Симс ответил неохотно.
— Боится выходить из кабинета.
— Это как-то связано с чужаками?
— Да, но я тебе не должен говорить. Она не хотела.
— Скажи. Пожалуйста.
Он увидел, что прозвучавшее в его голосе отчаяния вызвало легкую улыбку Симса. Рейнольдс чуть не добавил: по старой дружбе. Хорошо еще, сдержался.
— Основная причина — война, — сказал Симс. — Если война начнется, она хочет узнать сразу же.
— А начнется?
Симс покачал головой.
— Я не Господь Бог. Думаю, все будет спокойно, если кто-нибудь чего-нибудь не отчебучит. Как обычно. В самом скверном случае — небольшая местная война продолжительностью, может, около месяца. Но разве можно рассчитывать на здравомыслие политиков? Им оно поперек горла встаёт.
— А что насчет чужаков?
— Ну, как я уже сказал, чужаки тоже... — Симс сжал губами трубку. Рейнольдс ни разу не видел, чтобы трубка была раскурена, не замечал поднимавшегося дымка, однако Симс не вынимал ее изо рта.
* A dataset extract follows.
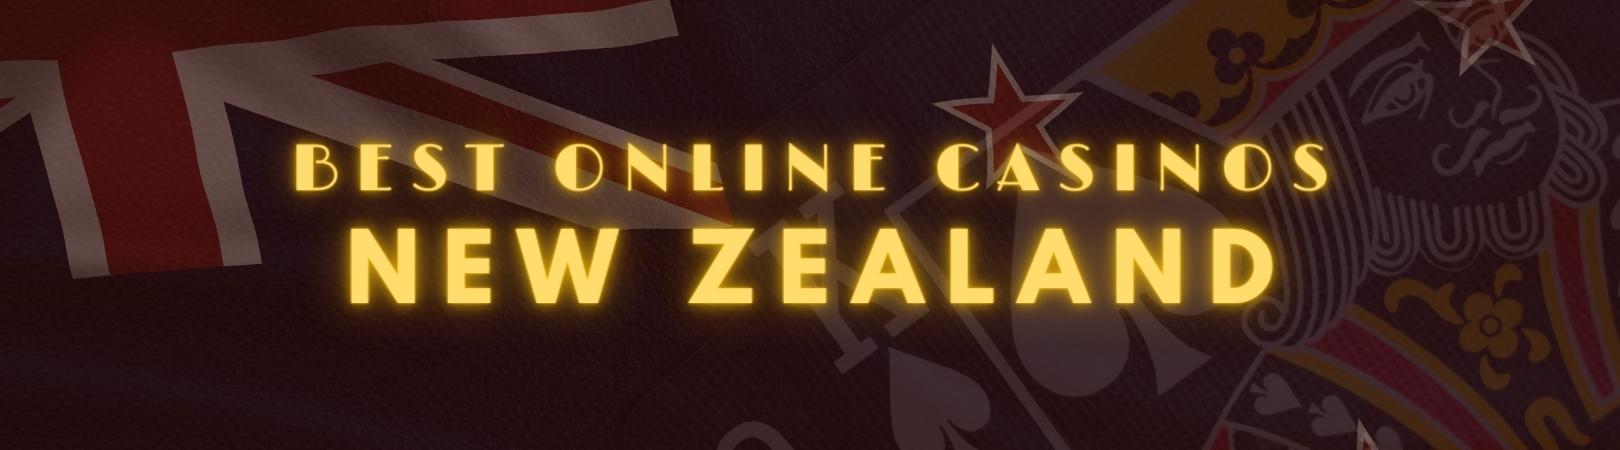 best online casinos New Zealand img
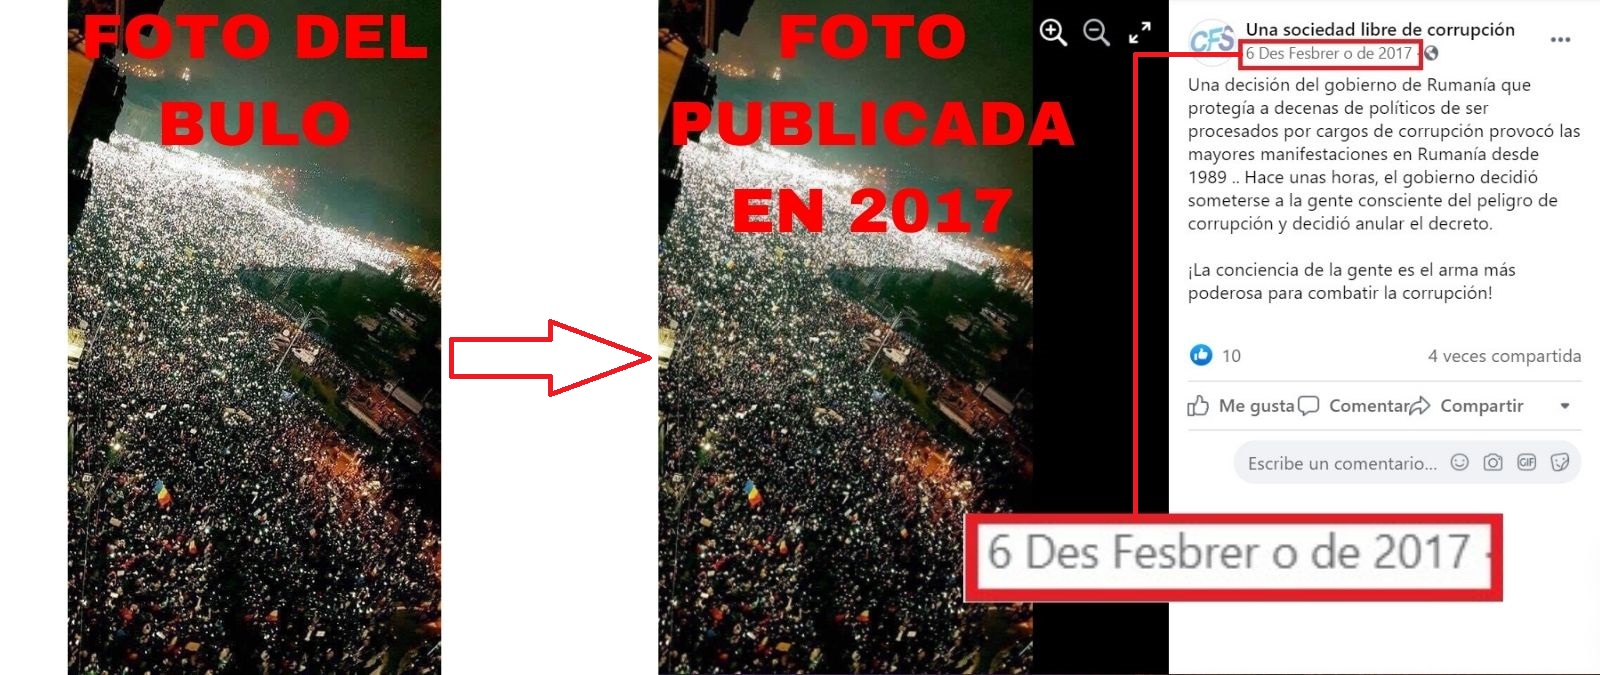 Comparación entre la foto del bulo y la publicación de 2017.

— Сюда летят из Вашингтона, завтра прибудут. Хотят поболтать с твоими зверьками. Похоже, твоей работой недовольны все, а Вонда в особенности.
— Я-то своей работой доволен.
Симс пожал плечами, дав понять, что это неважно.
— Чужаки не согласятся с ними встретиться, — сказал Рейнольдс.
— Ну и как они поступят? Выдернут коврик у дверей из-под ног? Свет в доме выключат? Не сработает.
— Вы все разрушите. Все, чего я уже достиг.
— А чего ты достиг? — Симс поднялся, обошел вокруг стола и навис над Рейнольдсом. — Насколько можно судить, ни хрена ты не достиг с тех пор, как туда впервые наведался. Людям нужны результаты, Брэдли, а не треп. Ты же только треплешься. Это не твоя личная затея. Это одно из важнейших событий в истории человечества. Если кто и обязан понимать его важность, так это ты. О Боже!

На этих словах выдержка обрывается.